What side of history do you want to be on?
“In itself, homosexuality is as limiting as heterosexuality: the ideal should be to be capable of loving a woman or a man; either, a human being, without feeling fear, restraint, or obligation.”
— Simone de Beauvoir
In my first column writing as the Restless Native, I wrote about the difficulties in being able to blindly choose the subject matter of each article.
It is a beautiful thing to have such freedom, but with only myself to direct me it can be daunting. So much has happened since my last article, both to me personally and on the Island, that I was overwhelmed and not sure where to begin. My perfectionism has caused a delay of five months as I have found myself questioning, “what do I write for? What do I fight for? What do I stand for?”
I split my time between Bermuda and London, so I experience the issues and read with fervour everything about each place as it relates to my experiences.
A few weeks ago, as the voters for the Corporations of Hamilton and St George were practising their civic right, I did the same in the UK General Election.
I was disappointed by the Conservative Party win and this feeling was certainly not diminished when the re-elected prime minister, David Cameron, appointed as minister for equalities an MP who voted against same-sex marriage.

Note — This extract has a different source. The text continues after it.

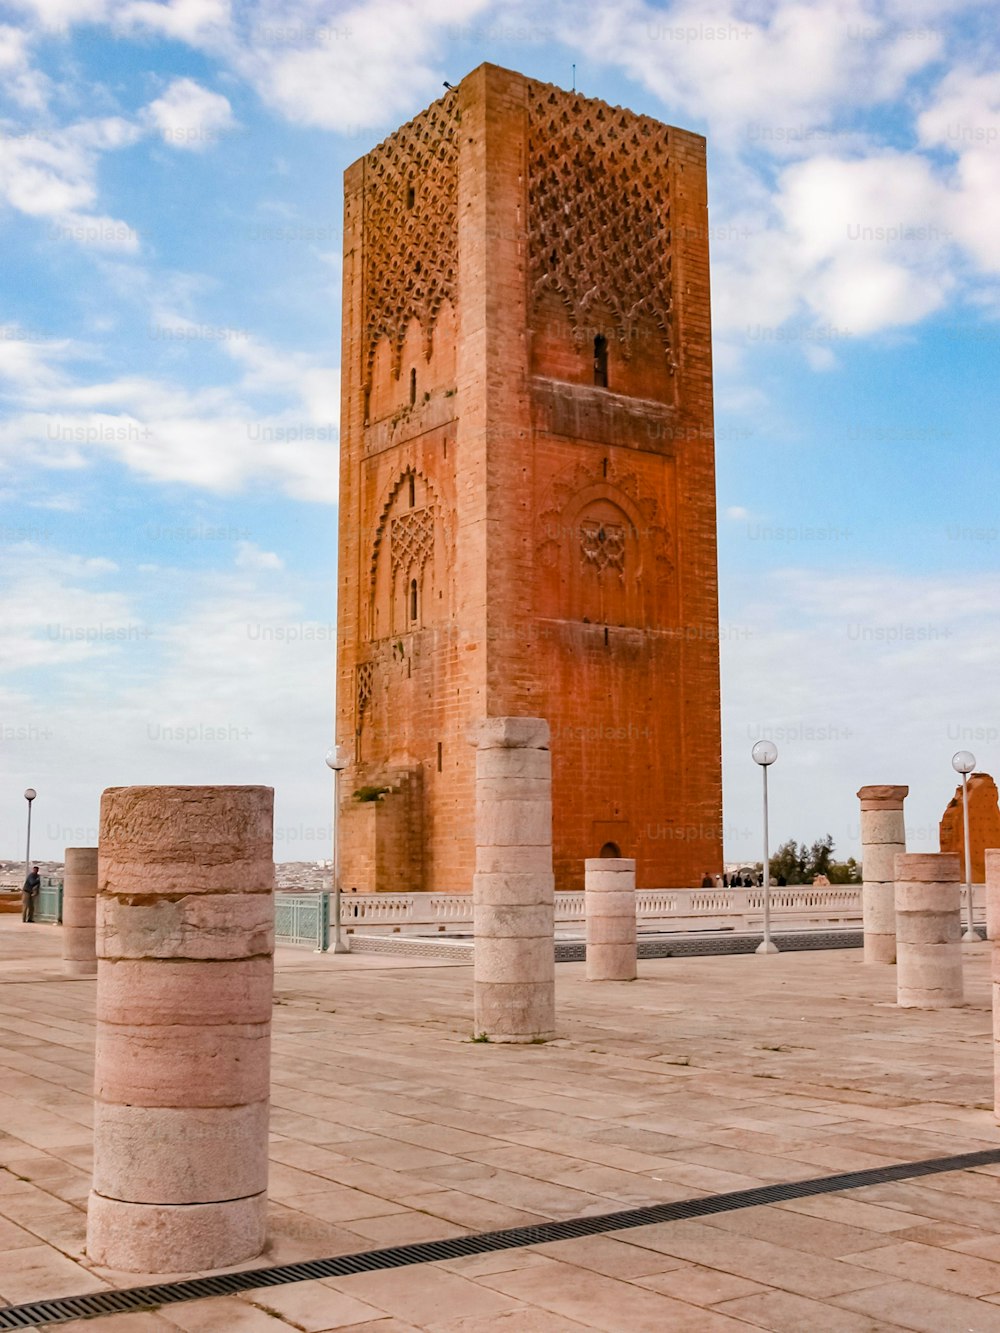 Una toma vertical del hito histórico de la torre Tour Hassan en Rabat, Marruecos

I am now back in Bermuda, my trip delayed after having missed my flight from New York. I found myself in the city for another day, so last Sunday I escorted a friend to her Baptist church in Harlem. I am not religious. Apart from funerals, weddings and christenings I probably have not been to church in ten years.
However, two separate friends had sung the praises of this church and its pastor and I was curious. Even so, the prospect of walking in as an outsider to a place that can have a reputation of exclusivity served to compound my frustrations of that day.
Despite my apprehension, I was enamoured with the First Corinthian Baptist Church of Harlem. I discovered that we don’t always know what we need until we receive it. The service was a rollicking gospel, soulful extravaganza. It was beautiful from the beginning because we were welcomed with this statement: “Whether you’re black or white, gay or straight, from Brooklyn or Australia, you are all welcome here.”
If we could all be welcomed in a house of God I wonder why we can’t all be welcome in Bermuda? On May 17, 2013 (the International Day Against Homophobia, Biphobia and Transphobia), the House of Assembly outlawed discrimination on the grounds of sexual orientation. This was despite lobbying against such measures towards equality by the “United for Change” group, composed of more than 70 clergymen, churches and faith-based organisations.
That makes me wonder: can changing laws lead to changing mindsets? A survey by Profiles of Bermuda found that voter opposition to same-sex marriage stands at 60 per cent two years after the change in law. Of interest is the fact that 70 per cent of white or other voters are in favour of marriage equality, and 72 per cent of black voters are against it.
So the question then becomes, what is equality? After all, separate is not equal. This is the lesson of decades past. Yet the segment of society most opposed to marriage equality is that which has been routinely discriminated against and still suffers from a continuing legacy of white privilege. It was only in the last century that inter-racial marriages were legitimised at all.
This morning I caught a brief segment of a local advertisement for marriage. It claimed such unions support families and elevates society as a whole. How can we instruct people to advocate for this while denying their fellows the right to marry? Less than two months ago, a same-sex couple was denied the right to marry on a P&O cruise ship due to its registration in Bermuda.
Some readers will remember that the Rosie O’Donnell cruise of a few years ago for same-sex couples and their families was forced to change destinations due to planned anti-gay protests.
Surely Bermuda cannot afford to alienate potential tourists, workers and international businesses that come from more accepting societies.
Last week, a petition of nearly 2,500 signatures was presented to the Cabinet Office supporting marriage equality in Bermuda.
Twenty-one countries have legalised same-sex marriage, including in the past week Ireland via referendum and the unanimous vote by Greenland MPs.
Ireland’s approval encouraged the Italian prime minister, Matteo Renzi, to pledge to expedite civil unions as a step towards full marriage equality. Next month, Australia’s Labour Party will be introducing to the House of Representatives a bill to remove restrictions on marriage.
If Xavier Bettel, prime minister of the staunchly Catholic Luxembourg can marry his male partner and the legislators of Rome, the birthplace of that church, are attempting such change, then time is running out for Bermuda to be on the right side of history. In the words of Martin Luther King Jr: “Justice delayed is justice denied.”
There are no exceptions to equality. This is what I stand for. This is what I fight for. This is what I write for. What side of history do you want to be on?